Papaya, lentil, radish and smoked trout plates

by Dr. Hennie Fisher

Lentils – despite their slightly homespun look and reputation – could easily be the most under-rated product in the broader food world. They are however a critical staple in Middle Eastern and Indian pantry cupboards, because they are delicious, extremely nutritious and, if treated with the same respect as meat proteins, easily provide the same satisfaction. The following recipe is for a ‘salad’ made from lentils and very finely shredded carrots and radishes, all bound together with a deeply satisfying, rich dressing that oozes umami and deliciousness. The salad is wrapped up in papaya which provides a lovely sweet counterpoint without making one feel like you’re having a fruit salad. The carrots provide some crunch and the radishes a little exotic pepperiness, but you could also add finely diced green pepper or celery if you should wish.

In this recipe, smoked trout is piled on top of the salad for a little luxury, but you could easily leave it out for a fully vegetarian starter or light main meal. Smoked salmon or peppered mackerel would work equally well. The dressing calls for a large volume of deeply toasted cumin. It is best to use whole cumin seeds, toast them well and then grind them in a spice grinder to a fine powder. The cumin contributes a warm nuttiness to the lentils (no wonder so many lentil recipes calls for this wonder spice). It is important to add the dressing to the warm lentils so they can soak up all of the rich, nutty flavour of the spices. This recipe explains how to plate the salad for individual portions, but it could also very easily be served as a large platter for people to help themselves.

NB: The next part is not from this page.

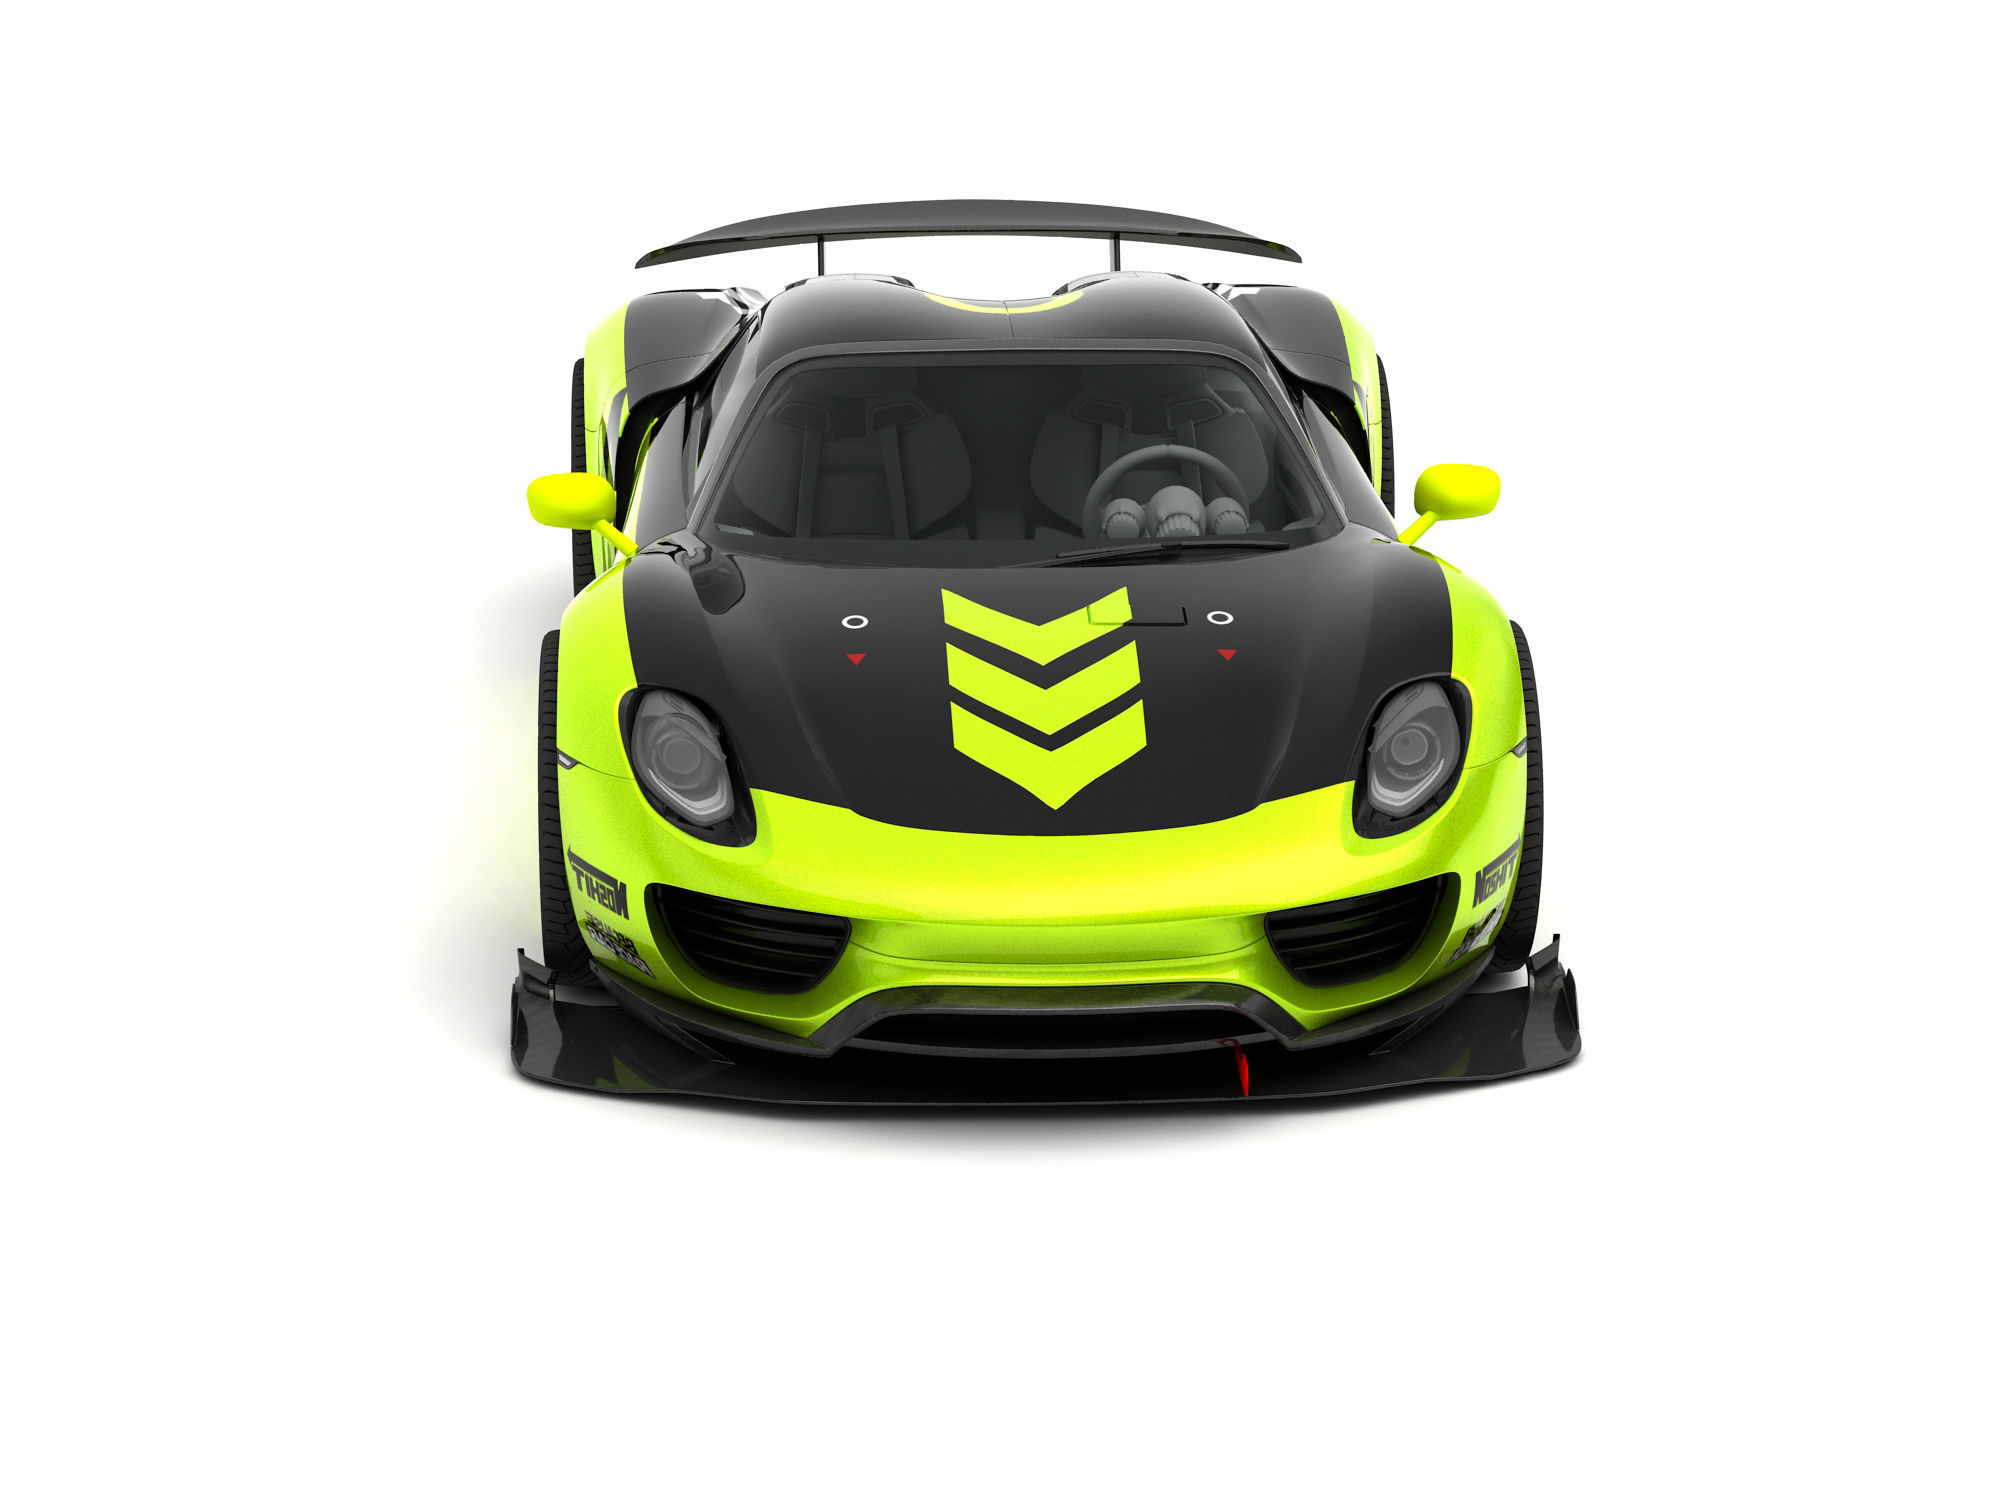 Chimera One Porsche 918 Street Race Concept Free 3d Models

Ingredients for four individual plates of salad, or one medium composed salad:

For the dressing:

7,5 ml (½ tablespoon) whole cumin, dry toasted until dark, cooled and then ground to a fine powder
7, 5 ml (½ tablespoon) white miso
80 ml fresh lemon juice
140 ml good quality olive oil
1 garlic clove, cut into small pieces
5 ml (1 teaspoon) salt
2,5 ml (½ teaspoon) freshly ground black pepper
7,5 ml (½ tablespoon) sugar
7,5 ml (½ tablespoon) prepared mustard


180 g brown or black whole lentils
60 g split yellow/orange lentils
2 carrots, peeled and sliced into very fine julienne
6 radishes, cut into very fine rounds
100 to 150 g smoked trout
1 medium papaya, peeled and seeds removed, the flesh sliced in very thin slices
Selection of herbs and edible flowers for garnish


First make the dressing. Add all the ingredients to a jug liquidizer or tall jug if using a stick blender. Blend together until a smooth emulsified dressing is obtained.
Boil the brown or black lentils in plenty of water for about half an hour. The exact cooking time would depend on the quality of the lentils. The lentils should not be undercooked, but they should also not burst or fall apart. Test them regularly towards the end of the cooking time. If you do not feel comfortable to add the split lentils towards the end of the cooking time of the brown lentils, cook them separately – they cook very quickly, so one should be vigilant. But if you think your brown lentils are about 6 or 7 minutes away from being cooked, add the split lentils in together with the other half cooked lentils. At the end they should all be cooked at the same time. The split lentils provide a little bit of body to the salad and bind the other ingredients together. Drain the lentils, tip them into a bowl, immediately add the dressing and mix together well. You could reserve a little of the dressing to serve later on. Cool well.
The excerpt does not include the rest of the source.